But acceptance is difficult for me. It comes at a price. It means giving up the childhood dream of everybody liking and loving me. Everybody doing what I want them to do for me. I know now that is a fantasy. It just won’t work.
And yet that is part of the appeal of Los Angeles. It is a total fantasy world out here.
I also came to LA with hopes of meeting a woman. Not any old woman but a special woman. I’ve been lonely for too long now. My therapist said that meeting the right woman would make all the difference in the world for me.
In a few weeks I’ll be attending a screening of a well-known actor’s new movie. So, with my penchant for connecting with famous and gorgeous people (as shallow as that sounds), maybe, oh just maybe, I will meet somebody there.
But, alas, I have a conflict with that as well. There really is a part of me that wants to live in the real world so if I did meet that “someone special” at this screening, I don’t think I would be grounded and that worries me.
I have a fantasy of hooking up with an actress before I leave to go home to Philadelphia the next day. Hopefully, I would form an attachment to her and then have a reason to come back here to live on a semi-permanent basis.
At the same time, the realities of life are that my mom lives back east and she hasn’t been well. She has developed Parkinson’s and has trouble walking on her own. I feel obligated to take care of her. And while I feel I have a right to my own life, my mother is very dependent on me now, though I don’t think she quite sees it in the same way. My wish is that she would get a caregiver (no matter how insensitive that sounds). I would still like a relationship with my mother but one where I feel on a more equal footing with her and not as her servant or “nurse.”
My mother and I need to be less co-dependent on each other if the relationship is to survive.

Bud Clayman and his mom, Lila, in the documentary OC87.
Well, anyway, as I write this I’ve been here six days and have pushed through on a lot of things: socials, a presentation, and that disastrous camping trip.
The conference is over with now and I’m all alone to fend for myself.

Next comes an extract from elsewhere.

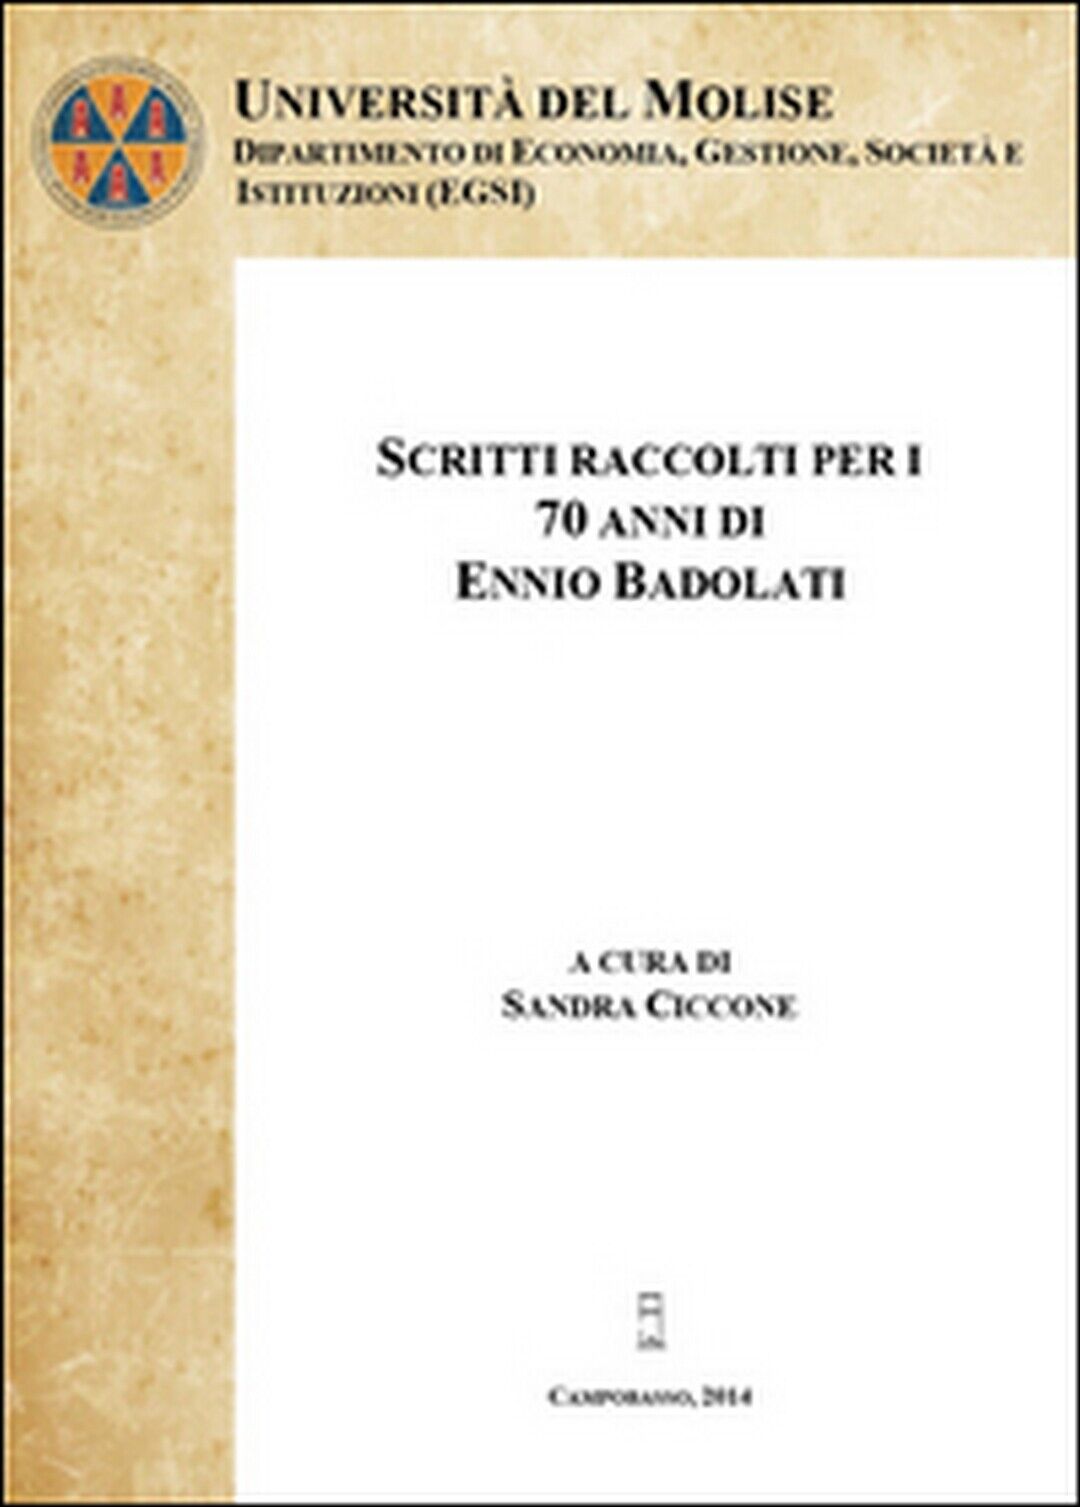 Scritti raccolti per i 70 anni di Ennio Badolati Vol.1 (Ciccone, 2014)

But this is another real reason I came to Los Angeles. I think I came here to grow up finally or continue the process in another big time way. I’m a far different person than I was twenty-five years ago. I just wasn’t emotionally ready for the world. Now, as my therapist believes, this is the perfect storm. Had that actor not had his screening in the same year as the conference there’s no way I would have been out here.
And yet, almost every night of the week for the past year, I have been dreaming about my old home about forty minutes outside of LA in the San Fernando Valley in Mission Hills.

Bud Clayman in LA in the documentary
And despite the fact that I have a big obsessive fear of getting into a car accident and becoming incapacitated, I plan to make that forty-minute drive from my hotel on the 405 freeway to my old home, in order to do another exposure exercise — to face my fears of obsession surrounding this potential accident.
No doubt I’m going to be very worried. And if I do get into that accident, then so be it. That was what the universe had to offer me at that moment — the perfect storm. In fact, maybe almost every episode in our lives is in some way the perfect storm.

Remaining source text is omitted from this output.